In 2025, U.S. Senators Chuck Schumer, John Cornyn, and Ron Wyden proposed the MIND Act to regulate BCI. The bill asks the Federal Trade Commission (FTC) to closely examine long-term use policies for BCI. In June 2025, the American Medical Association (AMA) called for stronger regulation of neural data. The law moves slowly, but it is moving.
What we must prepare for is defining the limits of technology before technology defines us. In an era when brain data is transmitted to the cloud and machines interpret human intentions, building defenses to protect human dignity and freedom is a task that should be completed before 2026.
C. Ten Questions for Evaluating BCI News
The flood of BCI-related news every morning sometimes sounds like a hymn of hope, sometimes like a dystopian warning. A single Elon Musk tweet sends related stock prices swinging, and sensational headlines about "doing everything with thought alone" are everywhere. Anna Wexler, a medical ethicist at the University of Pennsylvania, warns: "It is rare in medicine to see this kind of willingness to hype. With Neuralink, there is a gap between what the CEO claims and what the company is actually doing."
To sort truth from noise, you need to become a critical reader. Here are ten essential questions to ask whenever you encounter BCI news.

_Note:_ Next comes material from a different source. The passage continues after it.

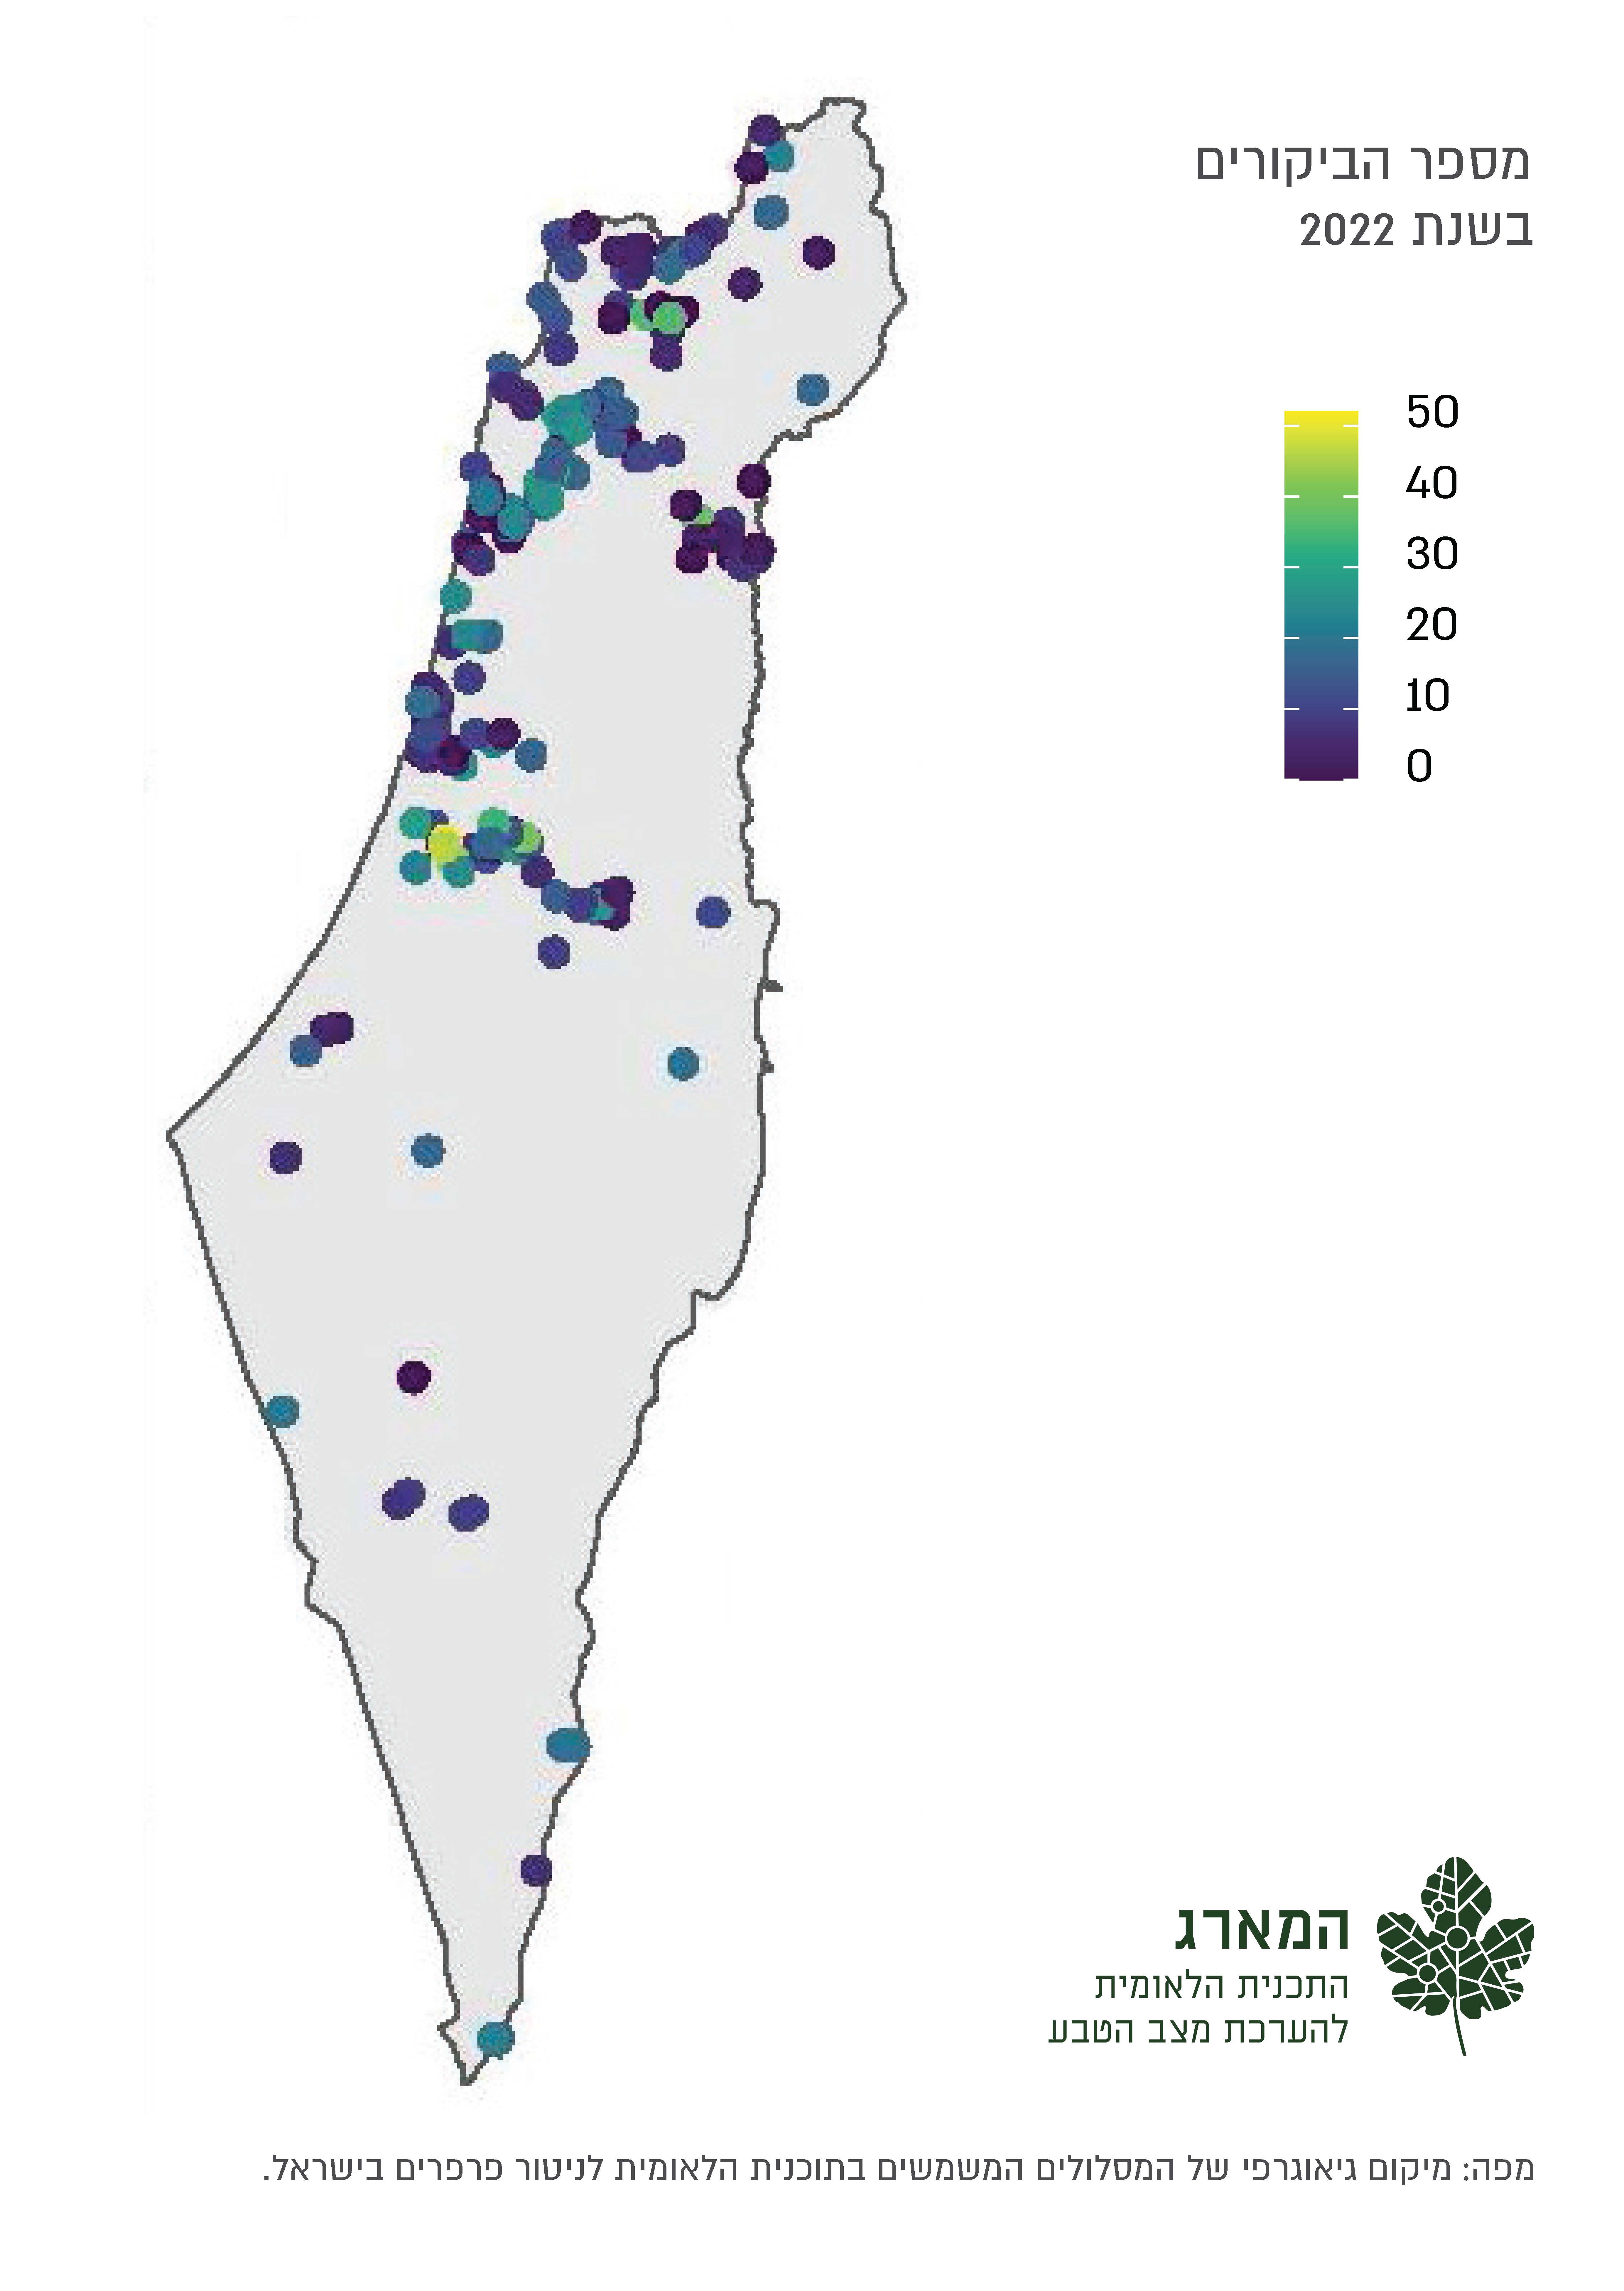 מיקום גיאוגרפי של המסלולים המשמשים בתוכנית הלאומית לניטור פרפרים בישראל

First, is it invasive or non-invasive? You need to determine whether the technology in the news involves opening the skull and implanting electrodes in the brain, accessing it through blood vessels, or wearing something like a headband. The more invasive the approach, the more accurate the signal but the greater the risk; the less invasive, the safer but the less precise the signal. This is exactly the difference between Neuralink and Synchron. Neuralink inserts 1,024 electrodes directly into brain tissue, while Synchron places a stent on the surface of brain blood vessels via the jugular vein. Behind the identical headline of "control with thought alone," the underlying technologies are completely different.
Second, is it treatment or augmentation? You need to distinguish whether the technology restores lost function for a paralyzed patient or improves a healthy person's abilities. Most achievements to date are focused on medical restoration. Noland Arbaugh playing chess and Mario Kart means he can once again do things he was unable to do for eight years. But a healthy person downloading memories or installing a foreign language in the brain is still a story for the distant future. You should ask whether the article's purpose is to improve a patient's life or to stimulate consumer desire.

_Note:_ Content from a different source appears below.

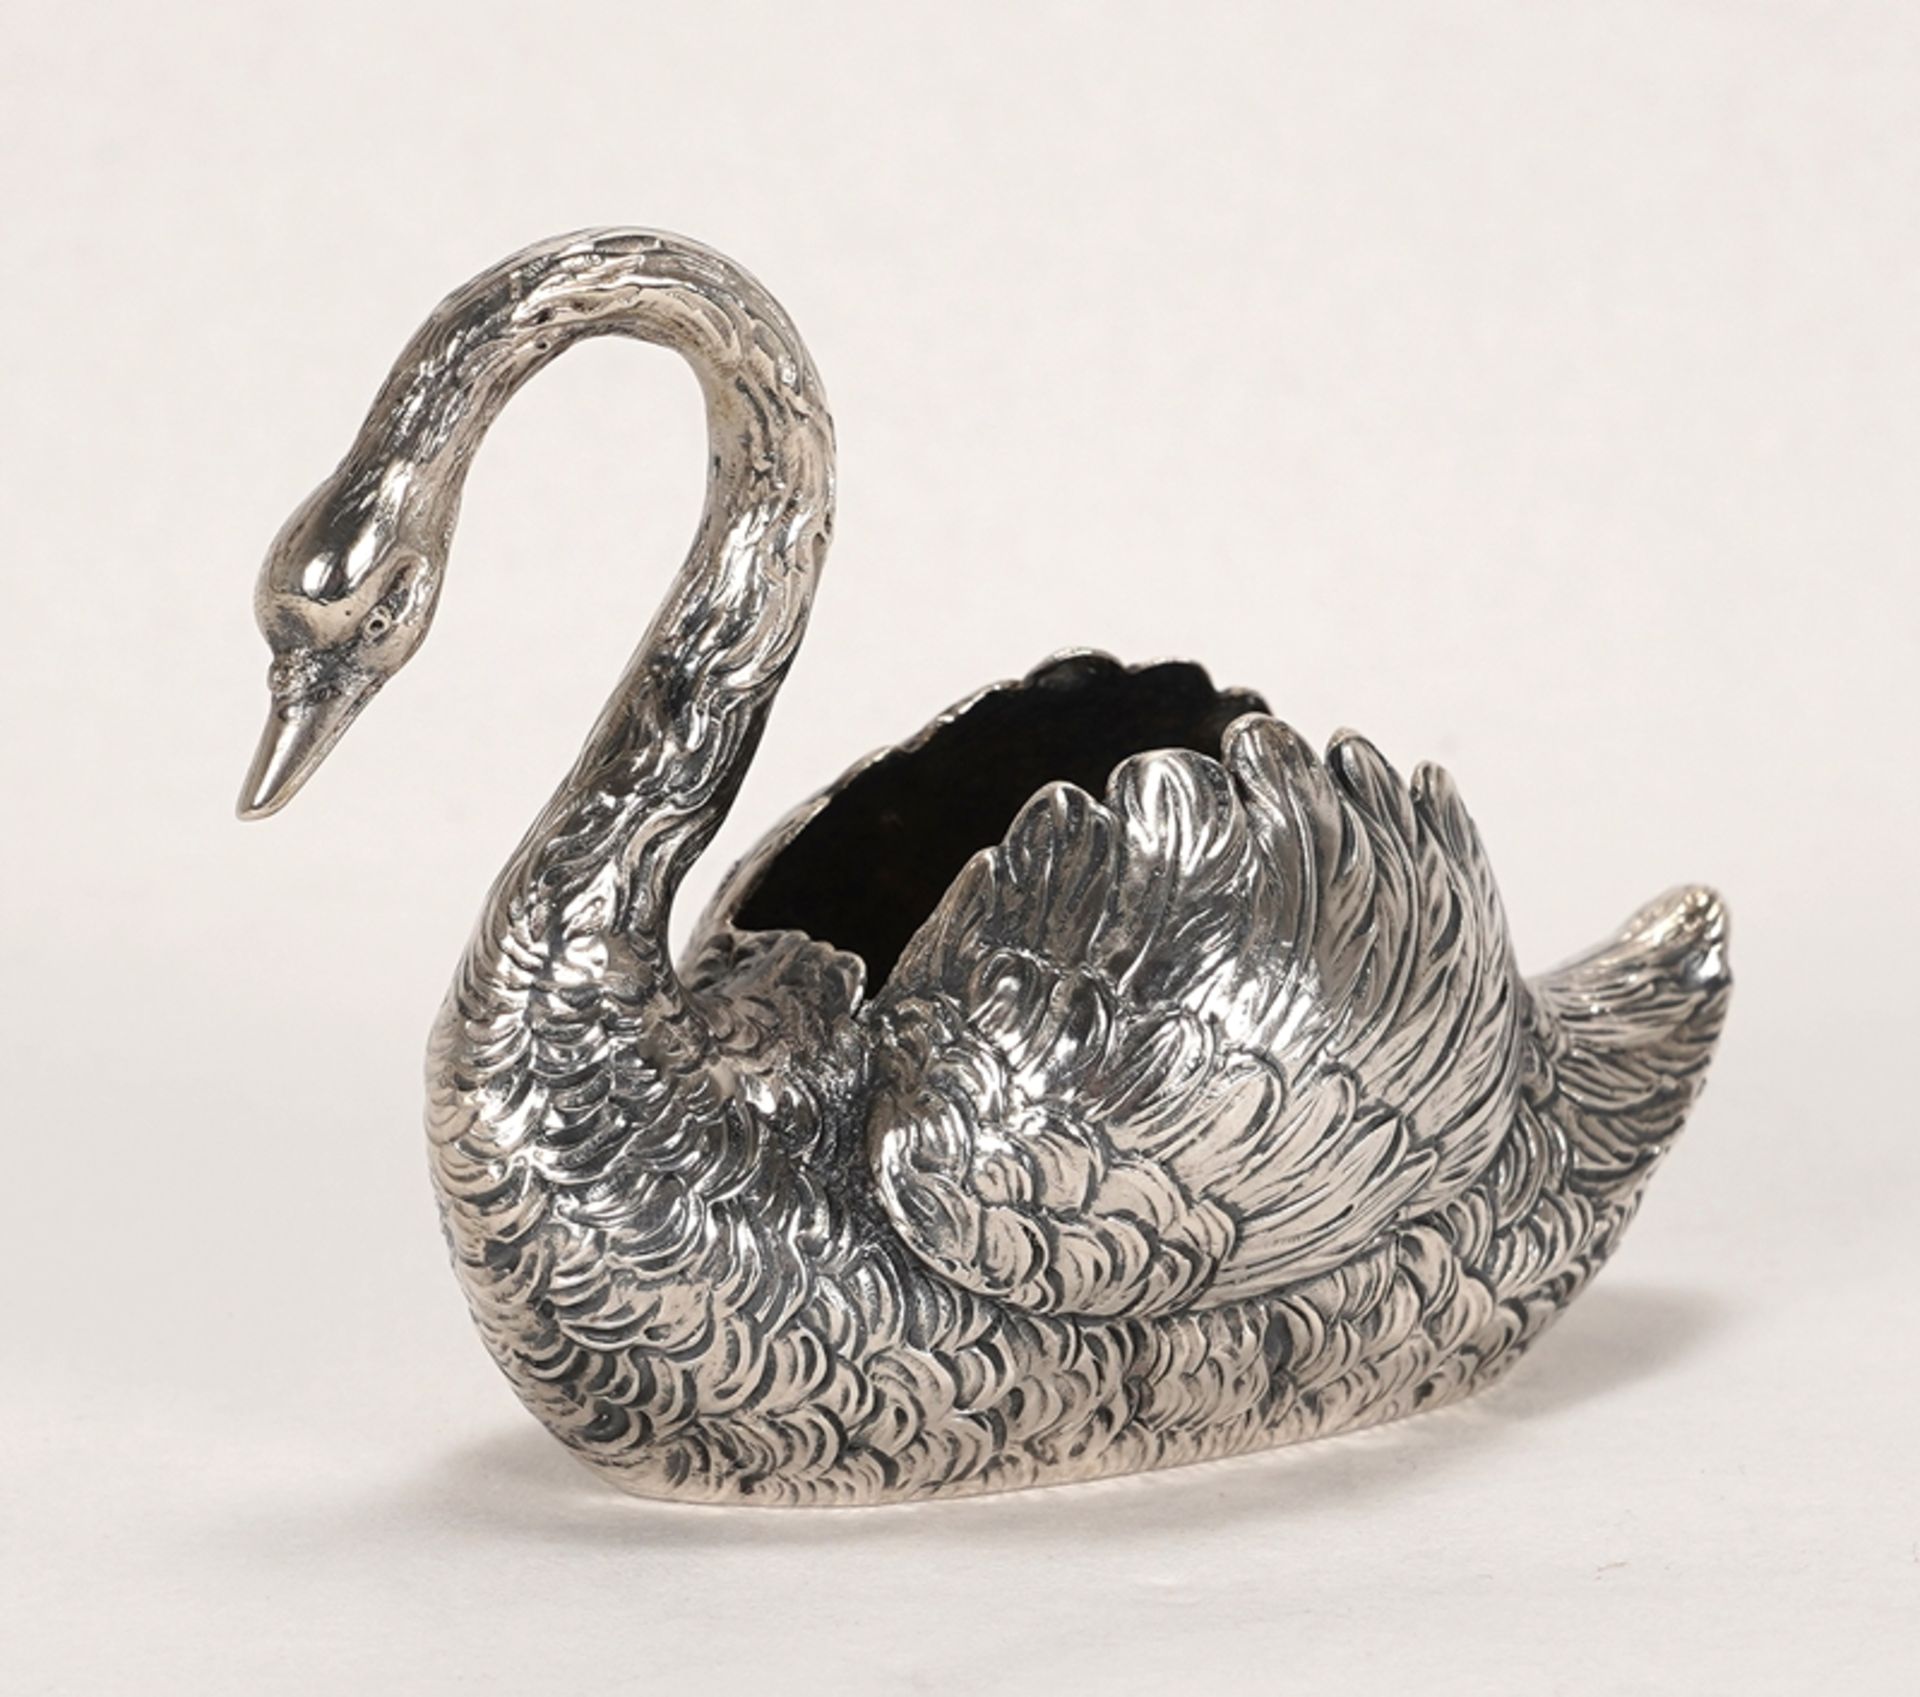 Schwanengefäß | Swan vessel

Third, where does the data come from? You need to check who is making the announcement. Is it a peer-reviewed journal article, or a company press release or YouTube demonstration? Corporate announcements may exaggerate results to attract investment. Synchron's 2024 COMMAND study results were presented at a neurosurgery conference and included 12-month follow-up data on six patients. That is a different level of verification from a YouTube video of a monkey playing Pong.
Fourth, who owns brain data? Who owns the brain data collected by the devices mentioned in these articles? According to a survey by the Neurorights Foundation, 29 out of 30 commercially available neurotech products can access brain data, and nearly all of them can share it with third parties. We need to check whether the principle of "My Brain, My Data" is being upheld, and reclaim data sovereignty hidden in the fine print of terms and conditions.
Fifth, did the AI interpret it, or did the brain do it directly? We must distinguish whether a user's thoughts directly controlled a device, or whether AI guessed the brain signals and acted on the user's behalf. Current BCI systems read brain signals and then use machine learning algorithms to interpret intent. If generative AI stepped in to complete a sentence
or draw a picture, that cannot be considered entirely the user's intention. We must be wary of the Illusion of Agency.
Sixth, are safety and reversibility guaranteed? Can the device be removed? If the company goes bankrupt or the technology is updated, what happens to the chip implanted in the brain? A 2025 report by the U.S. Government Accountability Office (GAO) pointed to cases where some clinical trial participants had to have their BCIs removed after the trial ended because no funding or medical support was provided. We should check whether there is any mention of long-term infection risks or the possibility of brain tissue damage.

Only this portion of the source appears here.